___ Source data ___
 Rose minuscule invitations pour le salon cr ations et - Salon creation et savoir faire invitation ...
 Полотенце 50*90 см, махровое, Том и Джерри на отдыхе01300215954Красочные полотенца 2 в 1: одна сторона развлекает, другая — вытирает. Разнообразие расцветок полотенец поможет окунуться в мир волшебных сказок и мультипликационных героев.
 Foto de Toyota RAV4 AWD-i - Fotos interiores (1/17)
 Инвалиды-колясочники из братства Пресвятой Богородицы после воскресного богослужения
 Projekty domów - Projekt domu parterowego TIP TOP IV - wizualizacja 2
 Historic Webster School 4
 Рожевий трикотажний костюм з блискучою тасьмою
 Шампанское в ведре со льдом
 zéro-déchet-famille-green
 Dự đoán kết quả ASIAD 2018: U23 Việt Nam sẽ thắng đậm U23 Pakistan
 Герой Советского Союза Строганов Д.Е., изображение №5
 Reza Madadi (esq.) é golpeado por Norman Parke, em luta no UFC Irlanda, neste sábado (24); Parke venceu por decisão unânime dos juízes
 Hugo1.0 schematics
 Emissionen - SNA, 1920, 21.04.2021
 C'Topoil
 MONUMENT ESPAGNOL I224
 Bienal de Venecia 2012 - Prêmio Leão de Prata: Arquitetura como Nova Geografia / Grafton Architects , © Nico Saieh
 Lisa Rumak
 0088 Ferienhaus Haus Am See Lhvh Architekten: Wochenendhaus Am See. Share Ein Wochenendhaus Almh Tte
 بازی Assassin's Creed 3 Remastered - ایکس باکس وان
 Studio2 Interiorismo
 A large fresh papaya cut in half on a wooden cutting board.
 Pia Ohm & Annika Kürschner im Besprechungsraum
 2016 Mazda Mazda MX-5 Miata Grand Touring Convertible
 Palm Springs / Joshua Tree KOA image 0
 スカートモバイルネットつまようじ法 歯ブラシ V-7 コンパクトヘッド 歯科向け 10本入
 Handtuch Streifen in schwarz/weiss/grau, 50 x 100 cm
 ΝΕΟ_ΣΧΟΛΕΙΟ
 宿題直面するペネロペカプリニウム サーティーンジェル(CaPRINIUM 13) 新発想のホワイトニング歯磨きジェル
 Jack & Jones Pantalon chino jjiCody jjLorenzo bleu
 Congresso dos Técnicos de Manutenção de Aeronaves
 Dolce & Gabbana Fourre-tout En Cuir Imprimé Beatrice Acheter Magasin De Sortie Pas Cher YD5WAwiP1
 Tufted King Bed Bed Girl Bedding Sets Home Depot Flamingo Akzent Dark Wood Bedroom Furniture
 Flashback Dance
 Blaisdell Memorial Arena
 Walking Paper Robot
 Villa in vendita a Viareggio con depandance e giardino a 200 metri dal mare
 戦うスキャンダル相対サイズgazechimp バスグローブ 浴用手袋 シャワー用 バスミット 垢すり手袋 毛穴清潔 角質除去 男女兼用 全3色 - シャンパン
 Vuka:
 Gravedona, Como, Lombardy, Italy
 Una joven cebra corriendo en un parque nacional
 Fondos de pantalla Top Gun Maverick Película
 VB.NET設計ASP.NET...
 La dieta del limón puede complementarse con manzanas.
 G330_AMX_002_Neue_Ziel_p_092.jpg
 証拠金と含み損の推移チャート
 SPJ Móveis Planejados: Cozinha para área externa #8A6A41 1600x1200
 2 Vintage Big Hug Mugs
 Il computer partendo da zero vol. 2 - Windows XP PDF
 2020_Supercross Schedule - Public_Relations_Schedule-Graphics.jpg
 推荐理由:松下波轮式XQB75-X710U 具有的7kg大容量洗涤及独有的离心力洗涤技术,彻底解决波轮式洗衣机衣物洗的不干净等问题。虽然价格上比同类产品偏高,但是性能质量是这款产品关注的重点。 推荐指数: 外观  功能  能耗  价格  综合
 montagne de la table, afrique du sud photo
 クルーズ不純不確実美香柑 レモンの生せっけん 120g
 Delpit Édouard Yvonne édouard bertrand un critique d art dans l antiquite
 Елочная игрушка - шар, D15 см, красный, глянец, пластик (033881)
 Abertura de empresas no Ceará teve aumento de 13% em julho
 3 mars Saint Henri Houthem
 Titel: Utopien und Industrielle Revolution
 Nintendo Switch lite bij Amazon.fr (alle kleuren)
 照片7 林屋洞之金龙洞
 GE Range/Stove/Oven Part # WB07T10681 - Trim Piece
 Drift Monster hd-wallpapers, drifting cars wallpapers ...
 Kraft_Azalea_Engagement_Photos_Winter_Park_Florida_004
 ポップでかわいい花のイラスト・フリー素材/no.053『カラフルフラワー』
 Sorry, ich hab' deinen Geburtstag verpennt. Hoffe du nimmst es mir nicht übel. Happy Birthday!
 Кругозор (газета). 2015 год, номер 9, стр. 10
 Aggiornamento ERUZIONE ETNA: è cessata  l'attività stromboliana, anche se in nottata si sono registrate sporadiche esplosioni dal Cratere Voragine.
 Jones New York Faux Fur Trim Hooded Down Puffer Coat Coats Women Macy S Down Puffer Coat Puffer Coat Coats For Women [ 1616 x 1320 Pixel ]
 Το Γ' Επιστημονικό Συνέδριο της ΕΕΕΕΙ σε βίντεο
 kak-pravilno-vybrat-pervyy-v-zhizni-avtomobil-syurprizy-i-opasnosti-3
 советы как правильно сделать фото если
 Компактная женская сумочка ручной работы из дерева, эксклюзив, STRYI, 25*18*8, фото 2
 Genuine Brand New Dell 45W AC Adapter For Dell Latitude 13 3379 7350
___
**Assignment**
Your task is to set down again, exactly, every line from the beginning of the listing through the line with "MONUMENT ESPAGNOL I224".

**Exercise answer**
 Rose minuscule invitations pour le salon cr ations et - Salon creation et savoir faire invitation ...
 Полотенце 50*90 см, махровое, Том и Джерри на отдыхе01300215954Красочные полотенца 2 в 1: одна сторона развлекает, другая — вытирает. Разнообразие расцветок полотенец поможет окунуться в мир волшебных сказок и мультипликационных героев.
 Foto de Toyota RAV4 AWD-i - Fotos interiores (1/17)
 Инвалиды-колясочники из братства Пресвятой Богородицы после воскресного богослужения
 Projekty domów - Projekt domu parterowego TIP TOP IV - wizualizacja 2
 Historic Webster School 4
 Рожевий трикотажний костюм з блискучою тасьмою
 Шампанское в ведре со льдом
 zéro-déchet-famille-green
 Dự đoán kết quả ASIAD 2018: U23 Việt Nam sẽ thắng đậm U23 Pakistan
 Герой Советского Союза Строганов Д.Е., изображение №5
 Reza Madadi (esq.) é golpeado por Norman Parke, em luta no UFC Irlanda, neste sábado (24); Parke venceu por decisão unânime dos juízes
 Hugo1.0 schematics
 Emissionen - SNA, 1920, 21.04.2021
 C'Topoil
 MONUMENT ESPAGNOL I224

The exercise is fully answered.